Israel–Samoa relations are bilateral ties between the State of Israel and the Independent State of Samoa. Israel is accredited to Samoa from its embassy in Wellington, New Zealand. Samoa has an honorary consul in Israel, resides in Ness Ziona.

History 
The State of Israel and the Independent State of Samoa officially established relations on 30 May 1972. Since the establishment of the diplomatic relations, Israel and Samoa are working side by side and having cooperation in many sectors. Those sectors including Development and climate change, which will affect Samoa, and the whole area of the Pacific, dramatically.

In September 2014, the Israeli vice-minister of Foreign Affairs, Tzachi Hanegbi, has paid a visit in Apia along with the Israeli ambassador in New Zealand, Yosef Livna. The Israeli delegation arrived in Samoa to attend a conference  about the Small Island countries in the Pacific and the Caribbean.

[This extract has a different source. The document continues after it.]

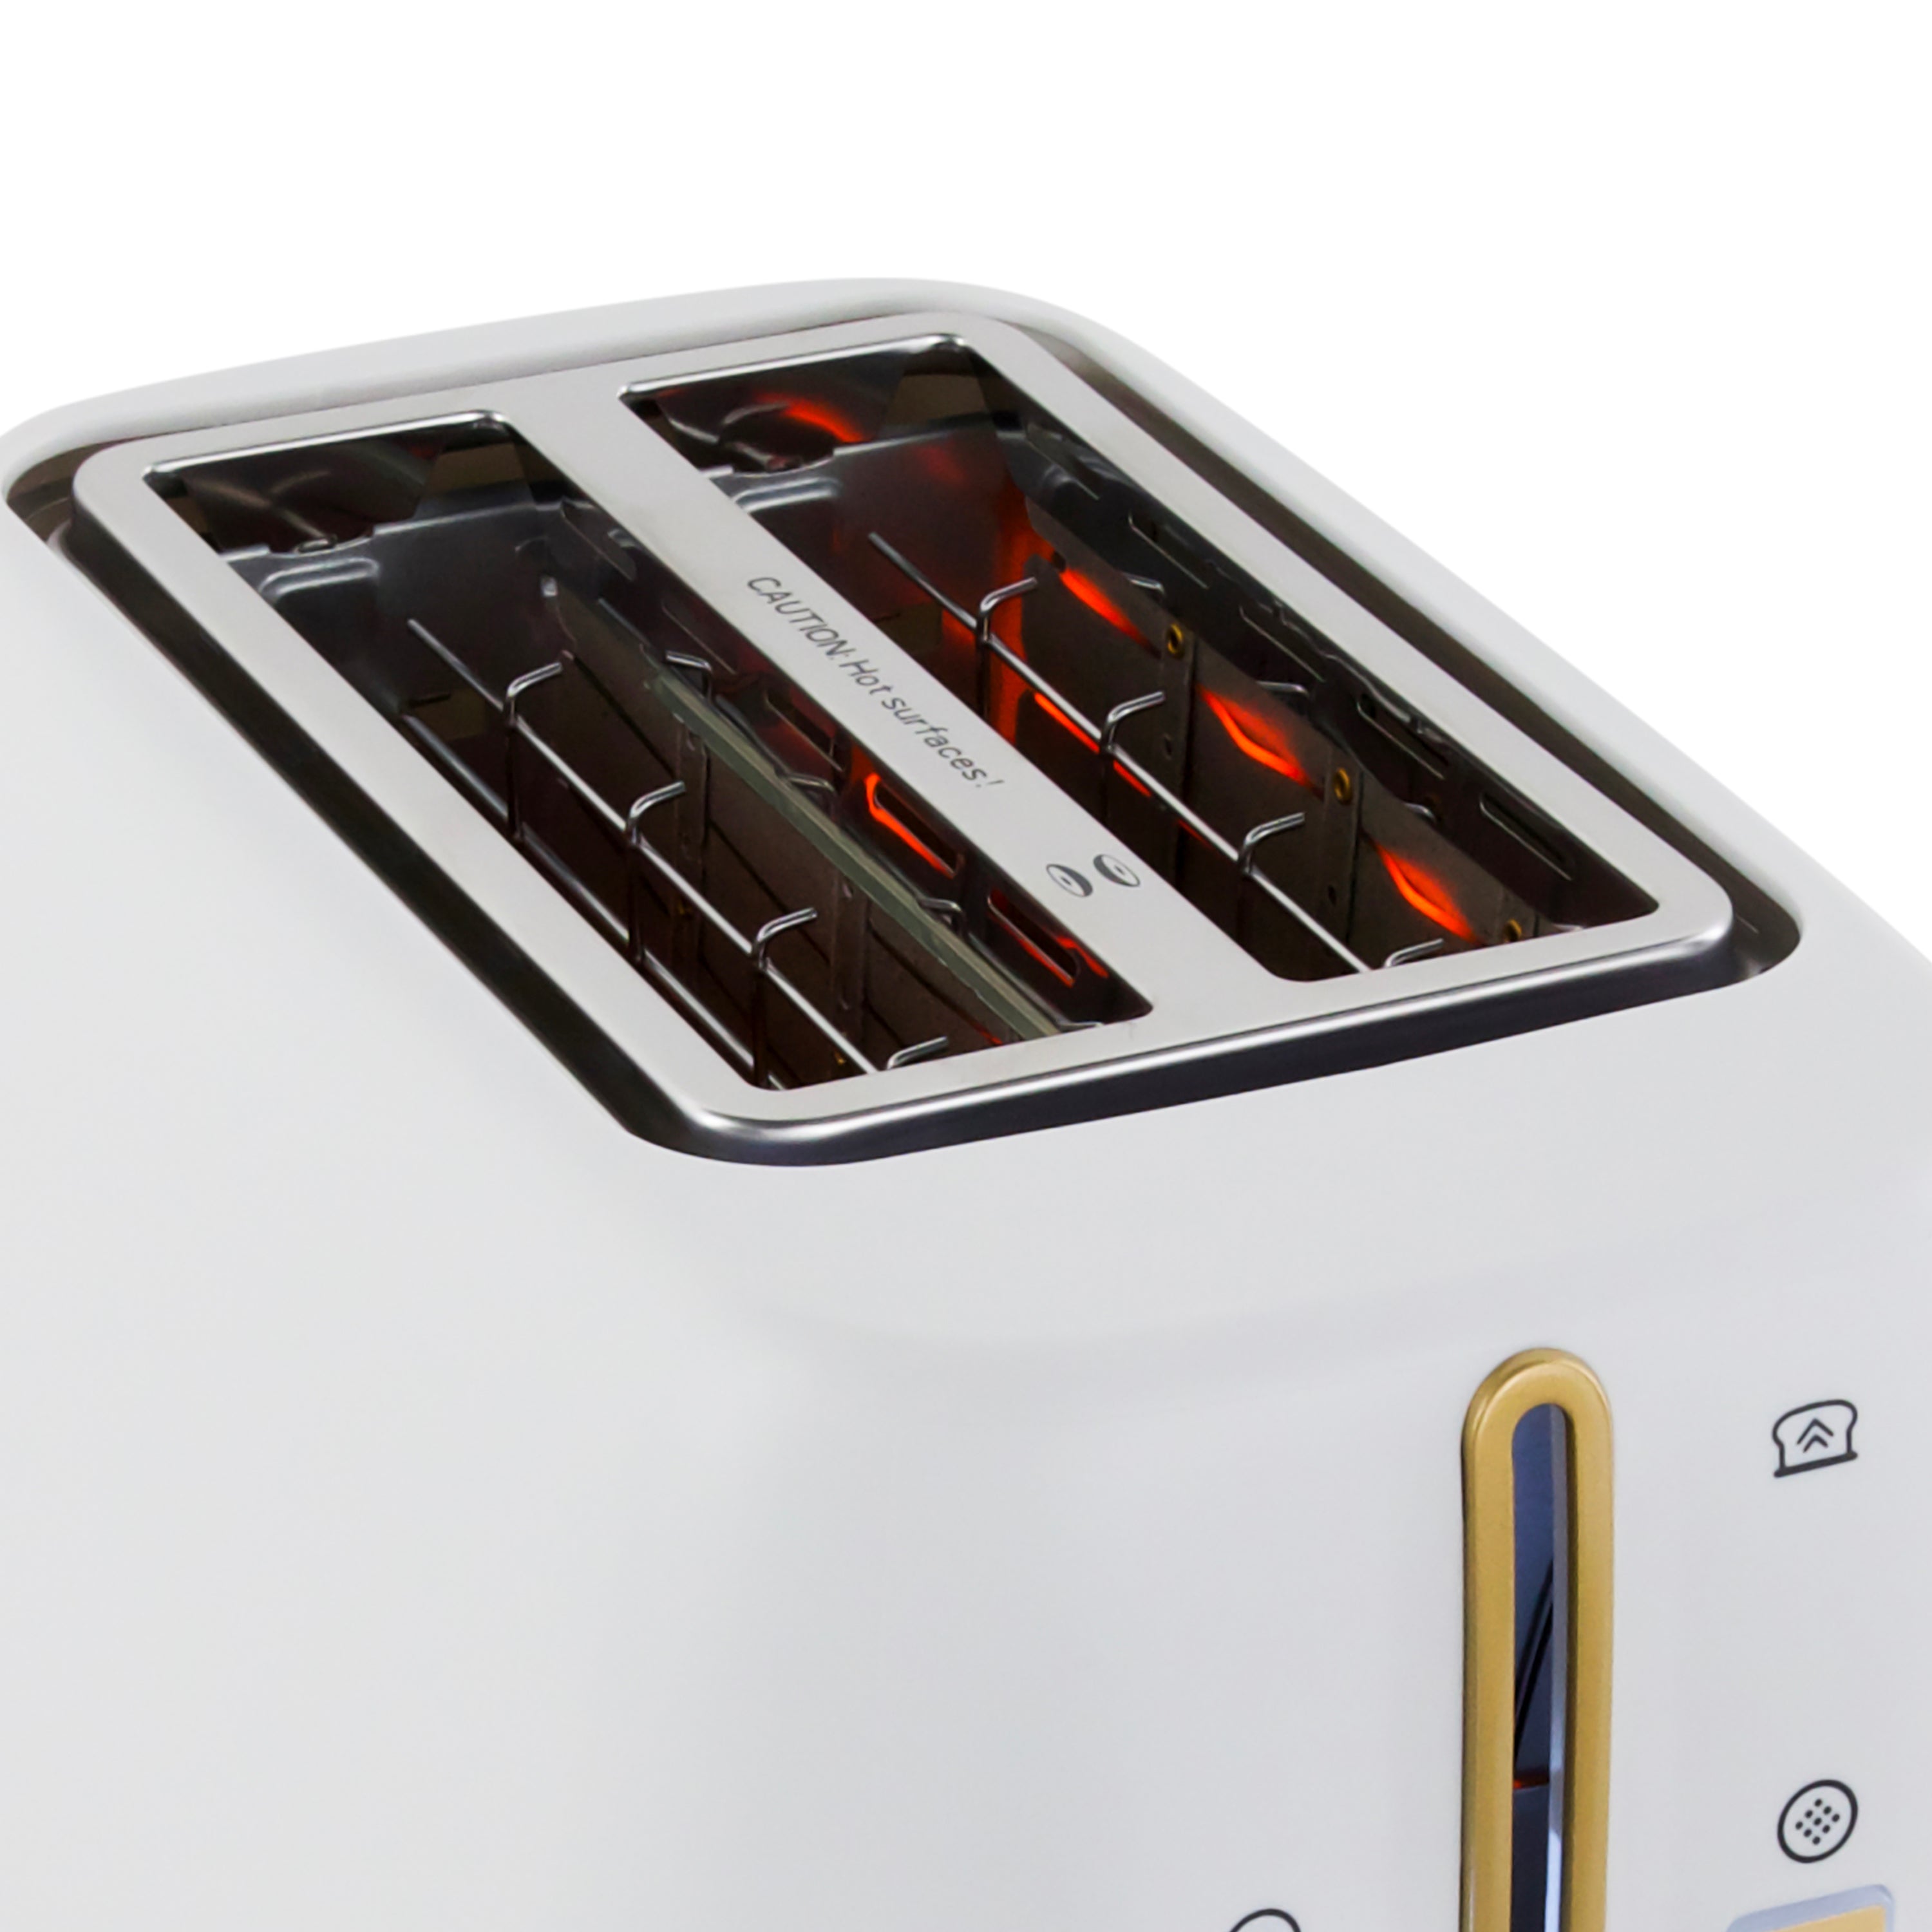 West Bend 4 Slice Toaster - White - 1 ct

In January 2017, a Samoan Parliament Member said that his country must always back Israel, "Whatever Happens".

In March 2019, the Israeli Prime Minister, Benjamin Netanyahu, had a meeting with the Samoan Prime Minister, Tuilaepa Aiono Sailele Malielegaoi, They have signed on a visa-waiver agreement. In 2020, the Samoan PM had a meeting with another Israeli leader, President Reuven Rivlin, they have both attended a conference of the Pacific countries in Fiji.